Anson yang duduk di sampingnya hanya menoleh dengan pandangan bingung. Lelaki itu menyandarkan punggungnya di dinding, lalu menutup wajahnya dengan kedua telapak tangan.

"Melihat Lora yang seperti tadi mengingatkanku akan Lora dua tahun lalu. Ketika semua baru terjadi" Beryl kembali berbicara, gadis itu menatap Daegal yang sedari tadi hanya diam memandangi pintu ruang pemeriksaan tempat Lora berada.

"Apa yang kamu takutkan?" Anson akhirnya membuka suaranya.

"Aku selalu berfikir, apa yang akan terjadi bila nanti aku pergi? Siapa yang akan menemani Lora ketika kejadian itu terus saja menghantuinya?" Beryl, untuk kesekian kalinya menghembuskan napasnya.

"Jadi semua yang kamu katakan padaku itu benar?" Anson menegakkan punggungnya dan menoleh ke arah Daegal yang sekarang tengah mondar-mandir.

"Jadi menurutmu aku bohong?" tanya Beryl kesal.

Anson hanya menaikkan bahunya acuh, lalu berdeham sebentar dan kembali menyandarkan punggungnya di dinding.

"Sejak kapan kamu mengenal Lora?" Anson bertanya tanpa menoleh ke arah Beryl.

"Sejak kami masih bayi" ucap Beryl lalu tersenyum ketika tiba-tiba saja memori gadis itu terputar ke arah lampau.

"Tapi, aku pindah saat tamat SD, dan kembali lagi pada saat SMA"

Anson tersentak kaget karena merasakan bahunya di tepuk. Dengan kesal Anson menoleh ke arah Daegal, si tersangka yang hanya menatapnya. Anson menaikkan sebelah alisnya, seolah bertanya 'ada apa?' pada Daegal.

"Kita perlu nelpon Om Vian?" tanyanya pelan.

Anson bingung harus apa. Lelaki itu hanya menaikkan bahunya pertanda tak tau yang membuat Daegal menjitak kepalanya.

"Jangan, Lora akan merasa semakin terbebani bila Ayahnya tau hal ini. Sepulang dari acara kemah ini, pasti Lora akan memberitahukannya pada Om Vian" tiba-tiba Beryl berbicara setelah diam mendengar pertanyaan Daegal. Setelahnya, Beryl bangkit dari duduknya dan masuk ke ruangan Lora.
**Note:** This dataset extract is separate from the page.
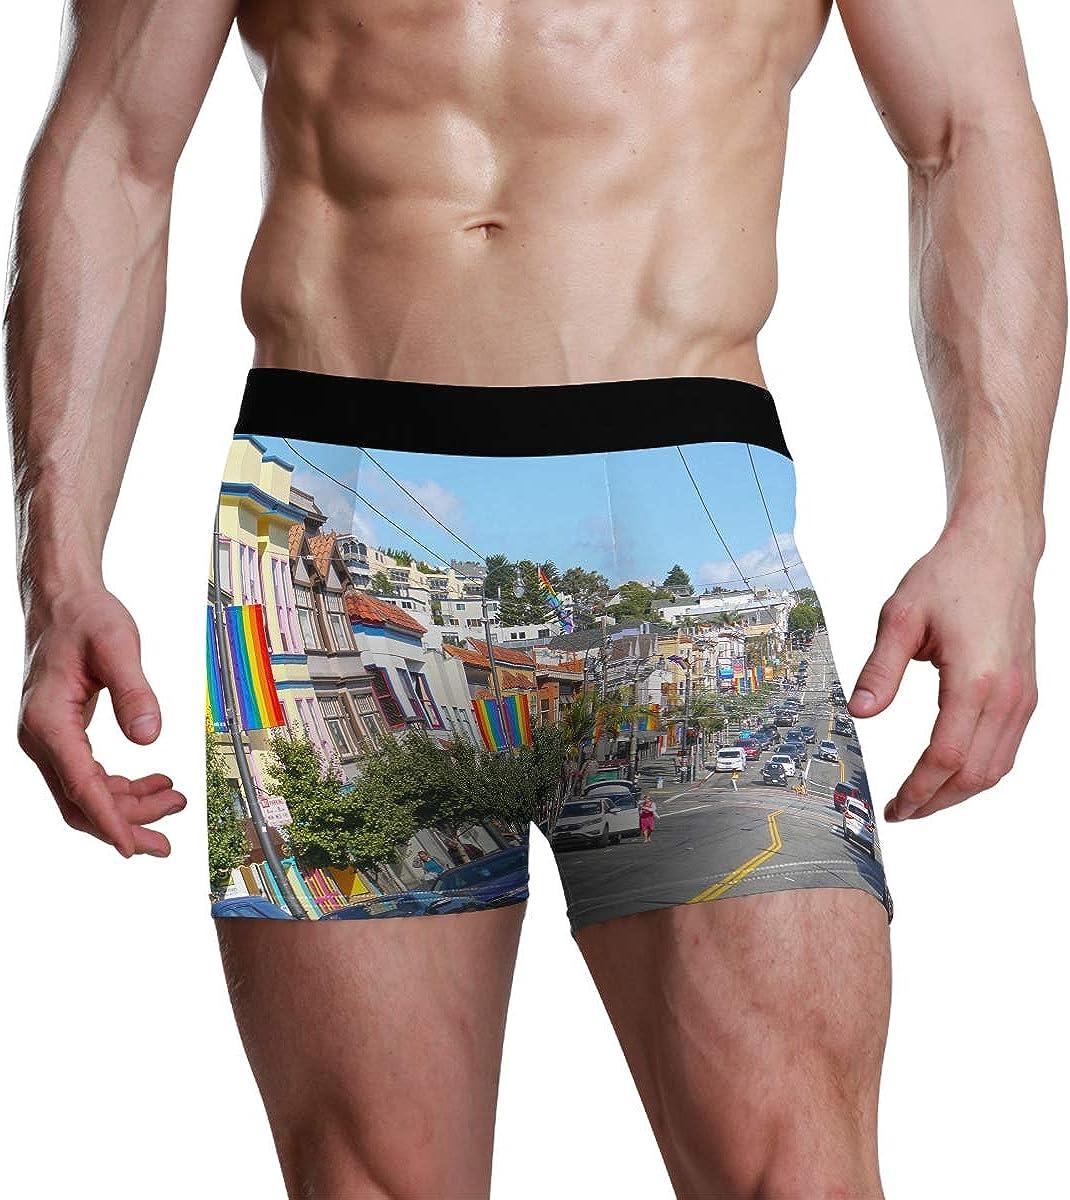 Mens Boxer Briefs San Francisco USA Low Rise Trunks Underwear Breathable Bikini Boys
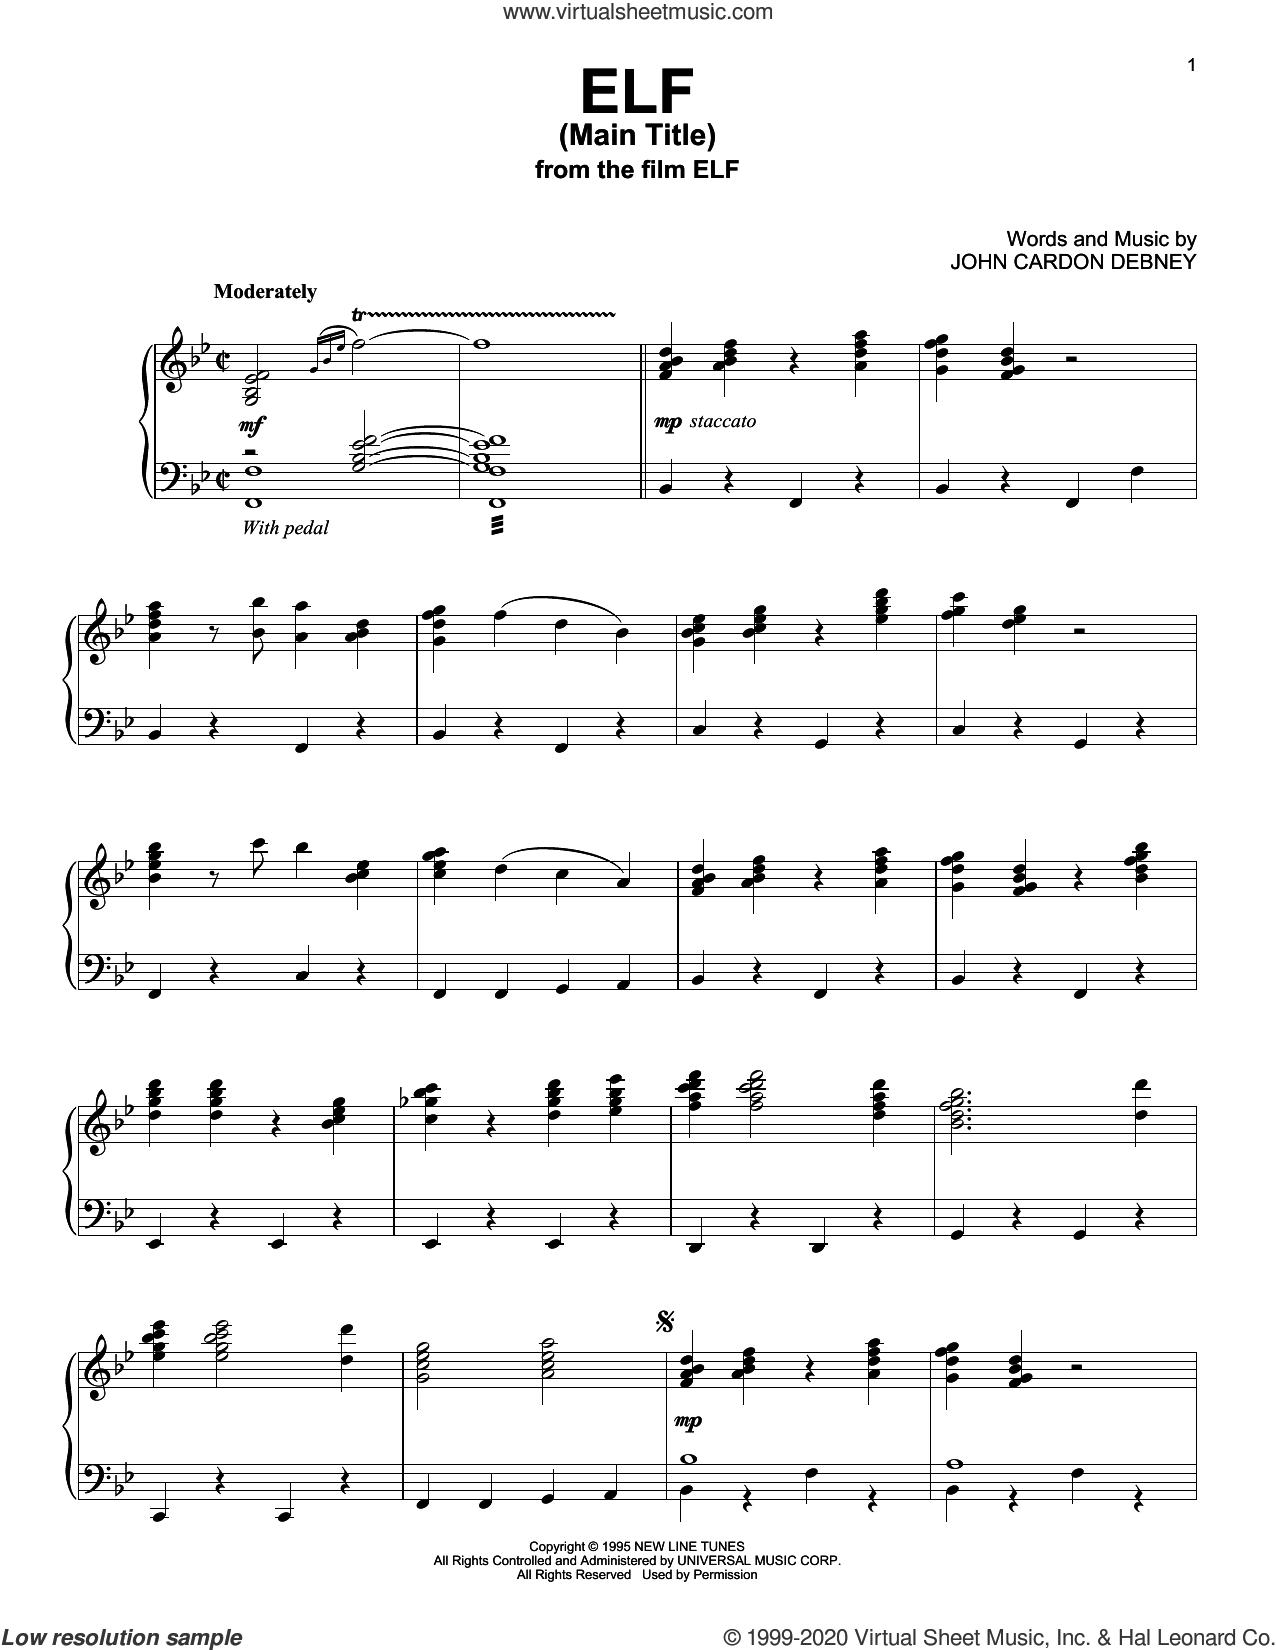 Elf (Main Title) sheet music for piano solo by John Cardon Debney, intermediate skill level

Sedangkan Daegal dan Anson hanya saling menatap, lalu dengan sedikit keras Anson menyenggol lengan Daegal. Daegal yang tak terima ikut menyenggol lengan Anson, dan terlibatlah mereka berdua dalam aksi senggol senggolan.

Bosan dengan aksi kekanak kanakan mereka, Daegal bangkit. Lelaki itu merapikan kaos putih yang dilapisi dengan kemaja kotak-kotak favoritnya, dan merapikan rambutnya.

Anson yang melihat itu hanya memutar bola matanya malas. Pasti sebentar lagi Daegal akan tebar pesona.

"Anson, Daegal"

Daegal yang hendak melangkahkan kakinya otomatis berbalik dan menoleh ke arah Beryl yang tadi memanggil namanya.

"Kenape? Kalo nggak penting penting amat aku mau pergi" ucap Daegal dan kembali merapikan rambutnya yang memang sudah rapi.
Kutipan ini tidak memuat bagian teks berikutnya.